═════ Dataset extract ═════
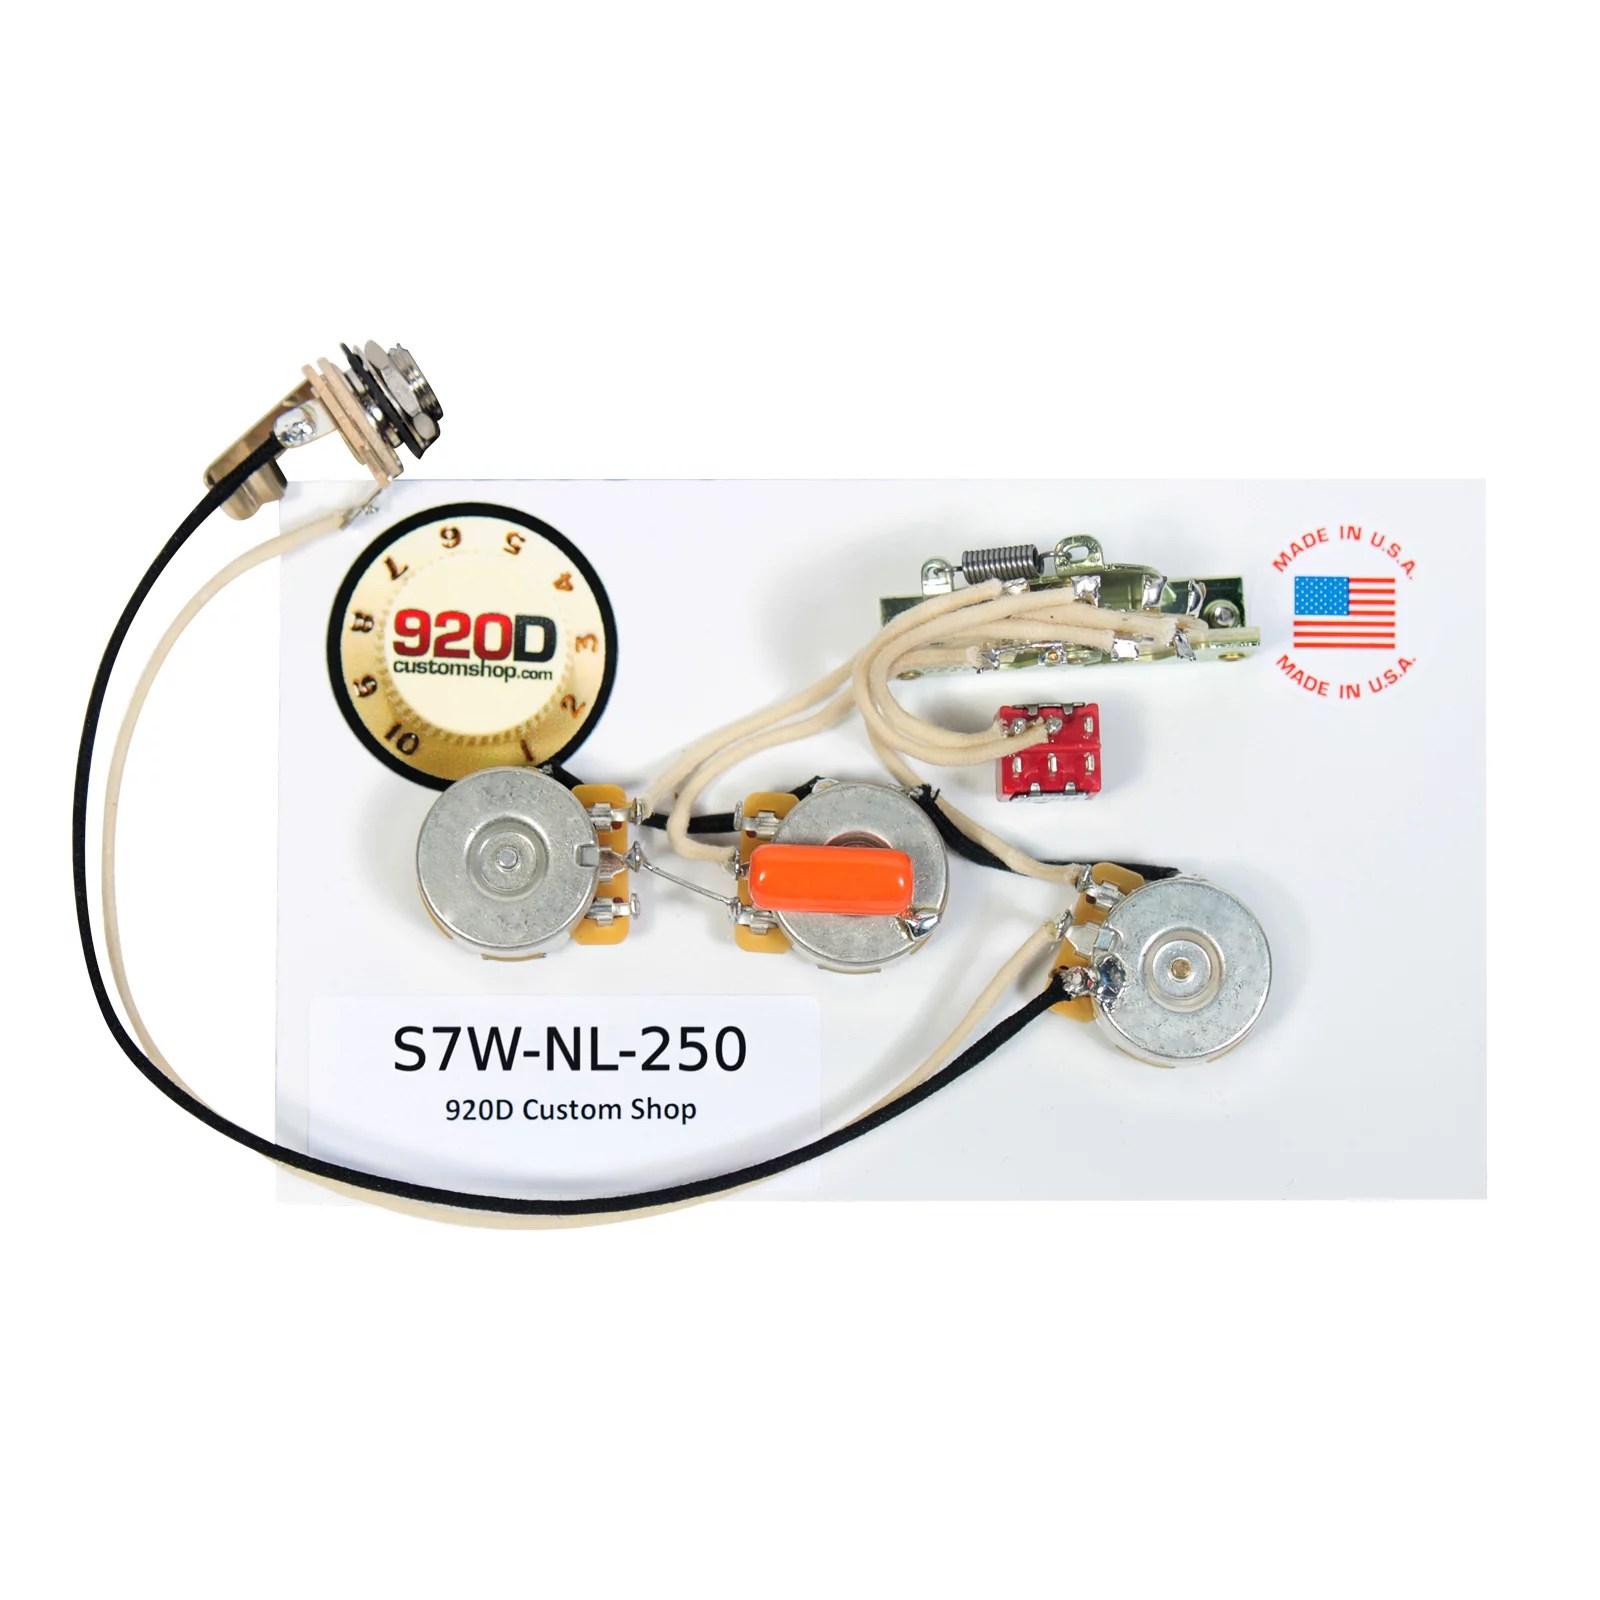 medium resolution of fender strat 7 way wiring kit w 2 no load 250k 022 f cap fender esquire wiring kit fender wiring kit
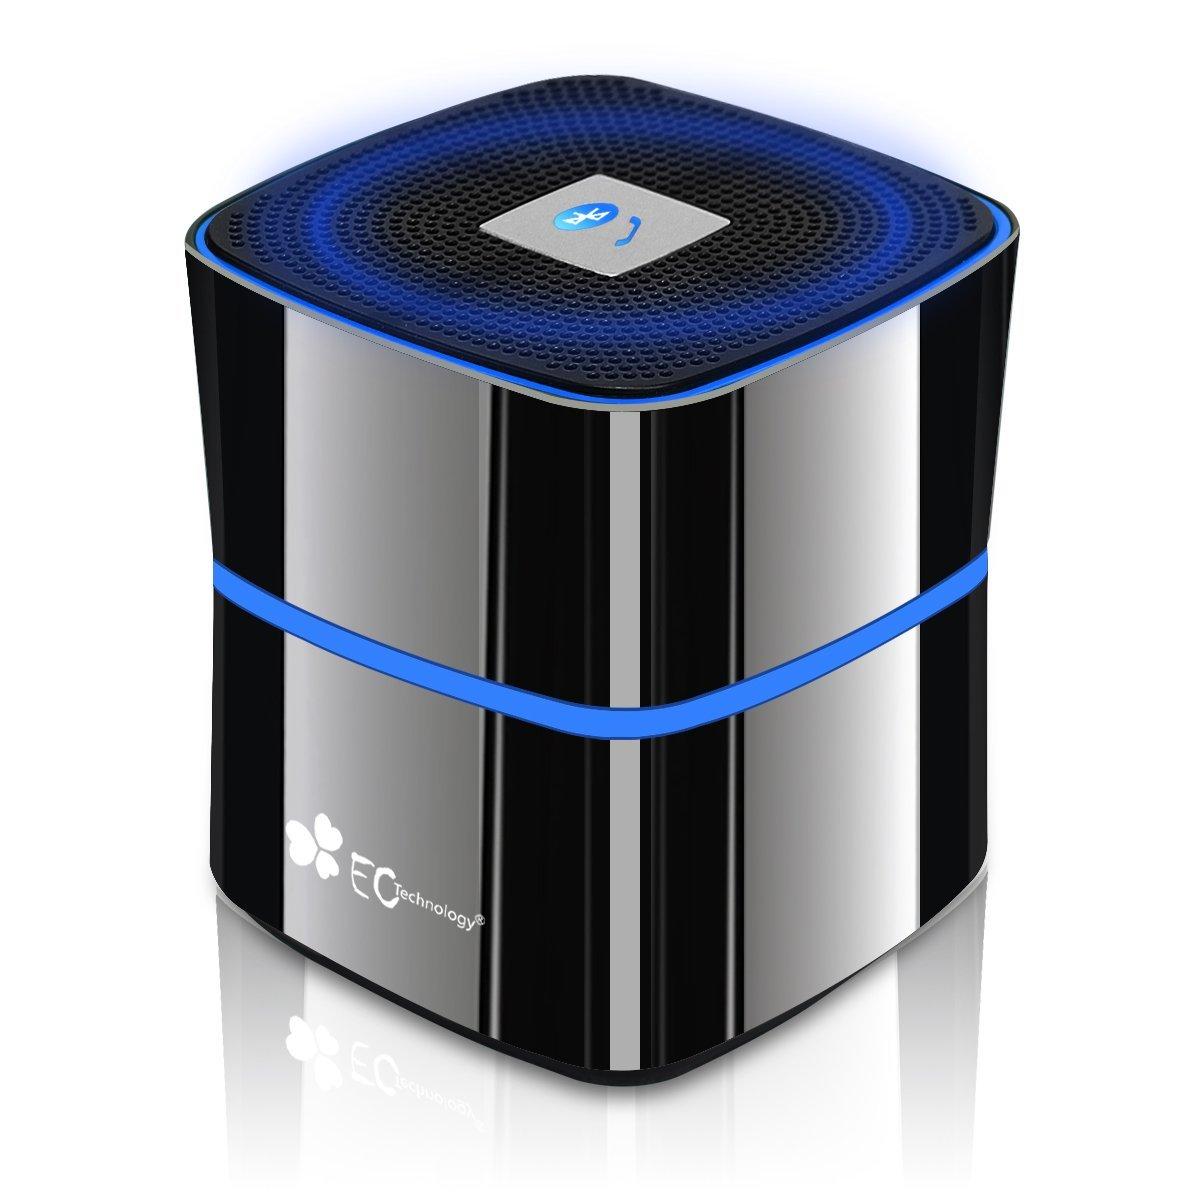 EC Technology Mini
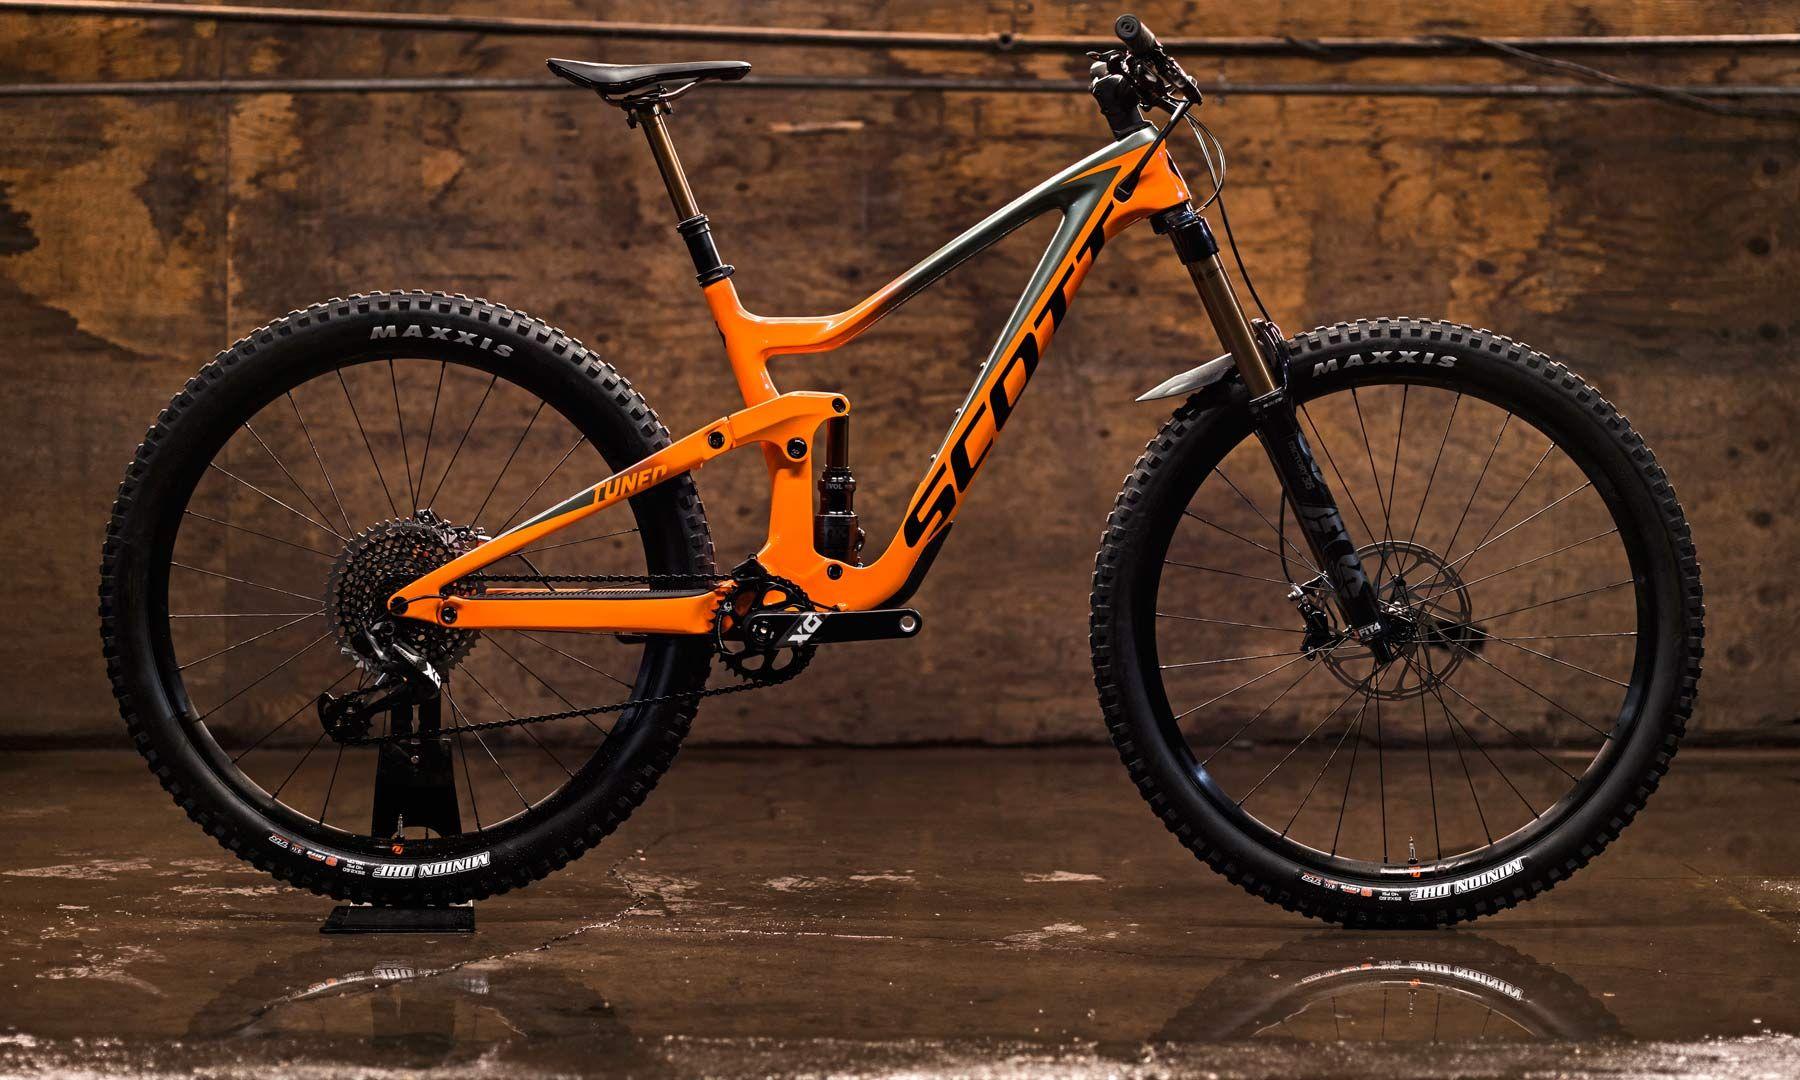 2019 Scott Ransom Complete Enduro Bike Build Options Pricing
═════
§ Problem to solve: With the pictures omitted, print each line of the data above precisely as given.

§ Finished task:
 medium resolution of fender strat 7 way wiring kit w 2 no load 250k 022 f cap fender esquire wiring kit fender wiring kit
 EC Technology Mini
 2019 Scott Ransom Complete Enduro Bike Build Options Pricing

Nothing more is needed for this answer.